Я видела такие шалаши: у нас в деревне в них держат инструменты и скот. Если работать прилежно, то можно построить такой шалаш за один день: сначала возводятся стены из уложенных один на другой без всякой извести камней. С двух сторон огороженного пространства, имеющего овальную форму, ставятся две слеги с развилинами на концах, на которые горизонтально укладывается еще одна длинная слега. По обе стороны кладут снопы соломы, перевязанные жгутами, таким образом получается крыша. Окон в помещении нет, дверью служит отверстие, по краям которого вместо косяков стоят два камня, третий камень заменяет притолоку, дверь получается настолько низенькая, что войти можно только согнувшись. Этот шалаш был совершенно такой же, как у нас в деревне; на гвозде у двери висело ведро с водой, в котором плавал половник. Прежде чем войти, Париде взял половник, напился воды, потом подал его мне, я тоже напилась. Мы вошли. В первый момент я ничего не увидела: окон, как я уже сказала, в шалаше не было, а Париде, входя, закрыл за собой дверь. Но он тут же зажег коптилку, и я постепенно начала различать предметы вокруг себя. Пол был земляной, утрамбованный, посредине шалаша на треножнике, под которым еле теплился огонь, стоял небольшой черный котел. Я посмотрела вверх: под темным потолком висели гирлянды сосисок и кровяной колбасы, повешенные туда для копчения, а также бахрома копоти, похожая на украшения рождественской елки, только траурные. Вокруг очага были расставлены чурбаны, и я очень удивилась, когда увидела, что на одном из них сидит старуха, совсем старая, с лицом, похожим на ущербную луну и состоявшим из одного носа и подбородка.
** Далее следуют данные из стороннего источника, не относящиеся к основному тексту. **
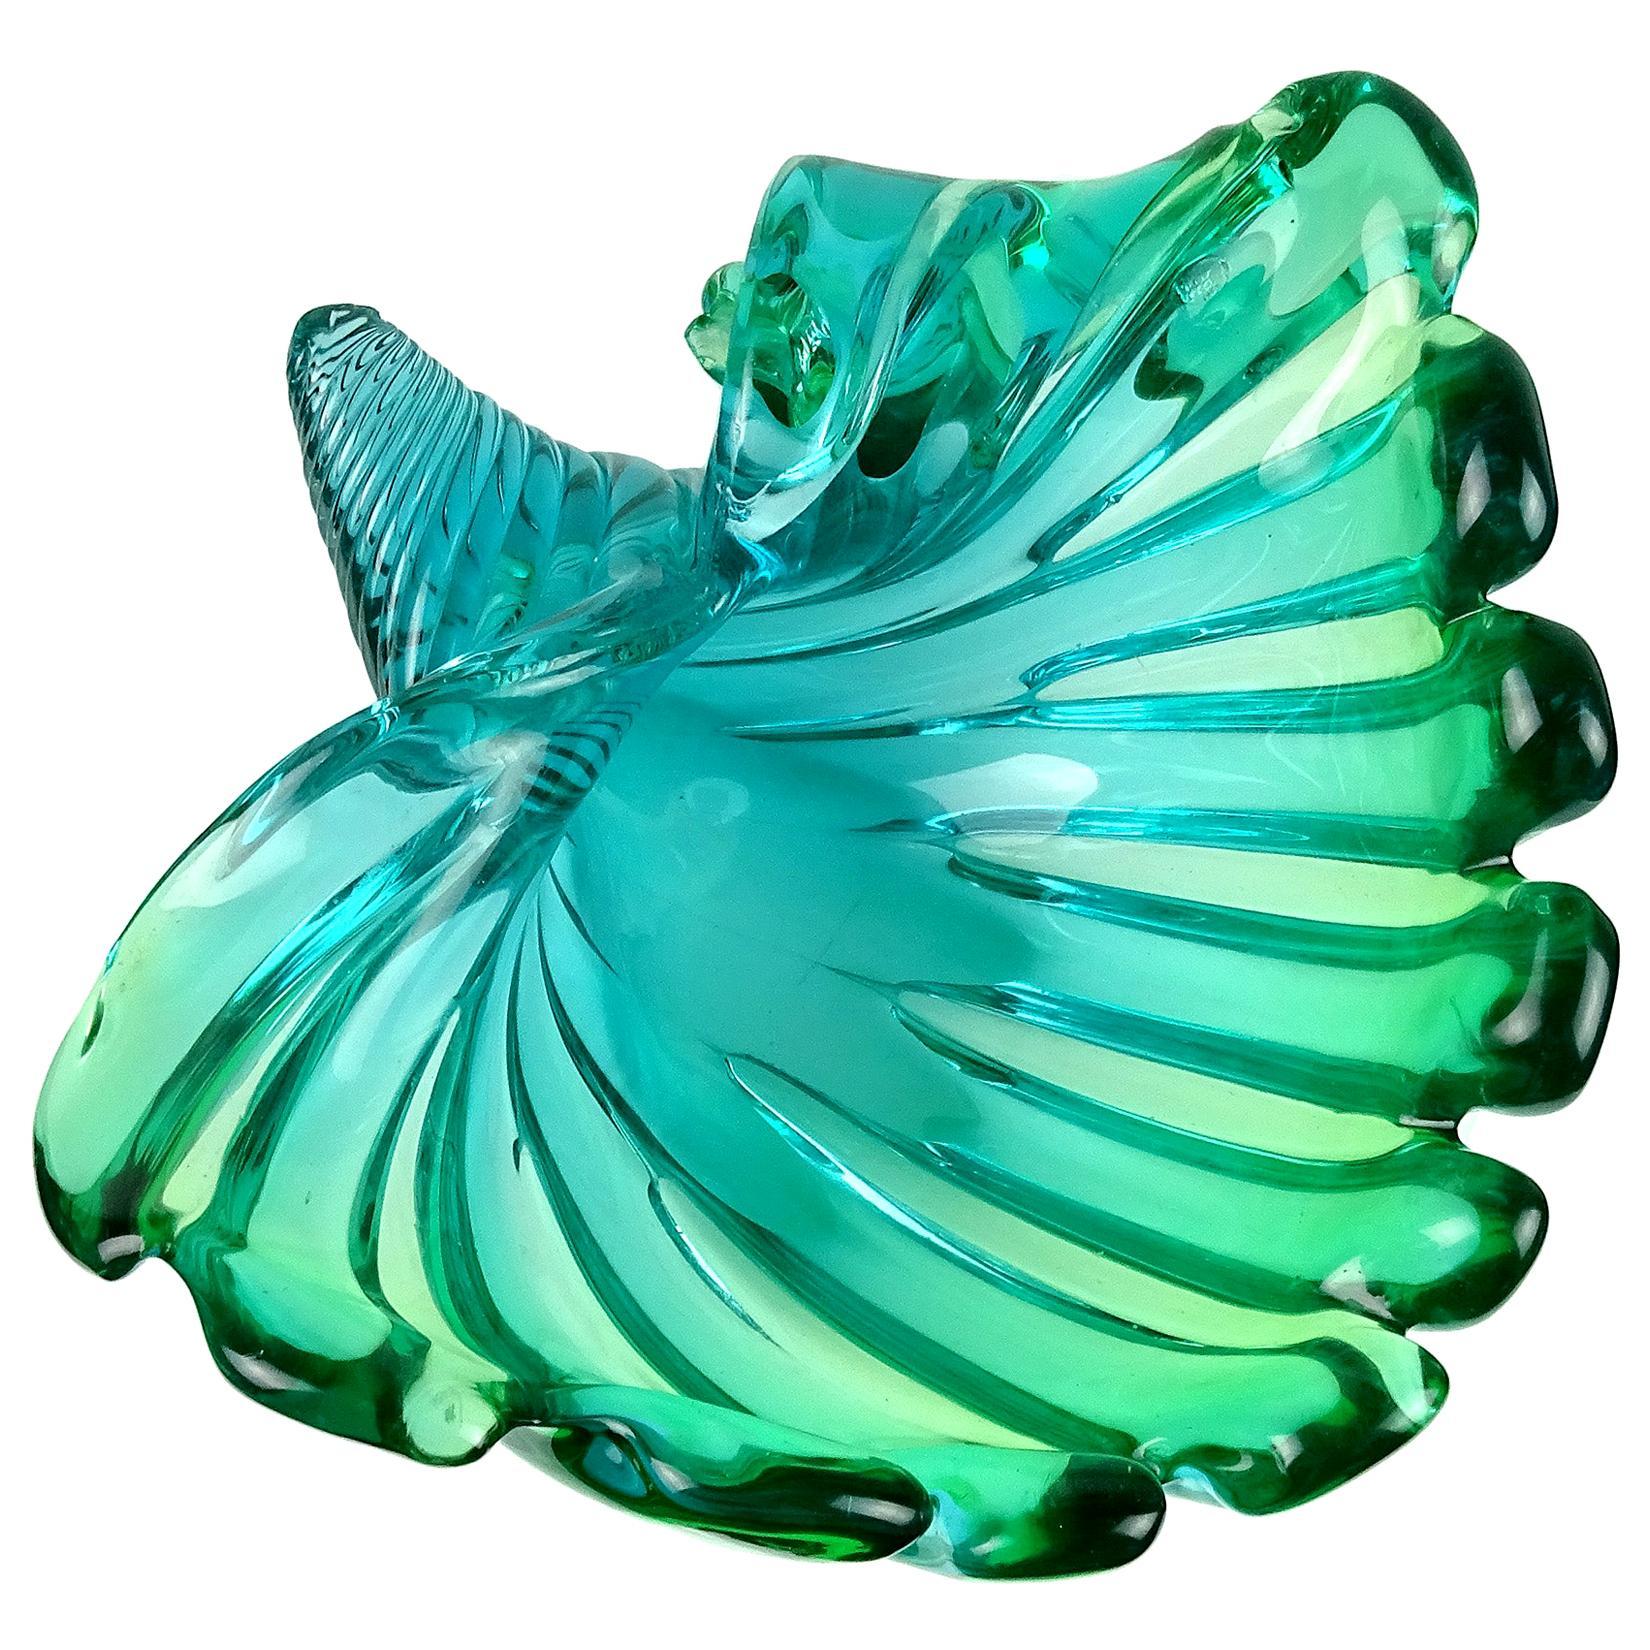 Murano Sommerso Blue Green Italian Art Glass Flared Seashell Sculpture Bowl

Старуха сидела одна- одинешенька в полной темноте и пряла. Это была мать Пдриде; она встретила меня словами:
— Хорошо, что ты пришла, садись сюда, мне сказали, что ты синьора из Рима... эта кухня, конечно, не похожа на гостиную в Риме, но тебе придется приспособиться здесь... Иди сюда, сядь со мной рядом.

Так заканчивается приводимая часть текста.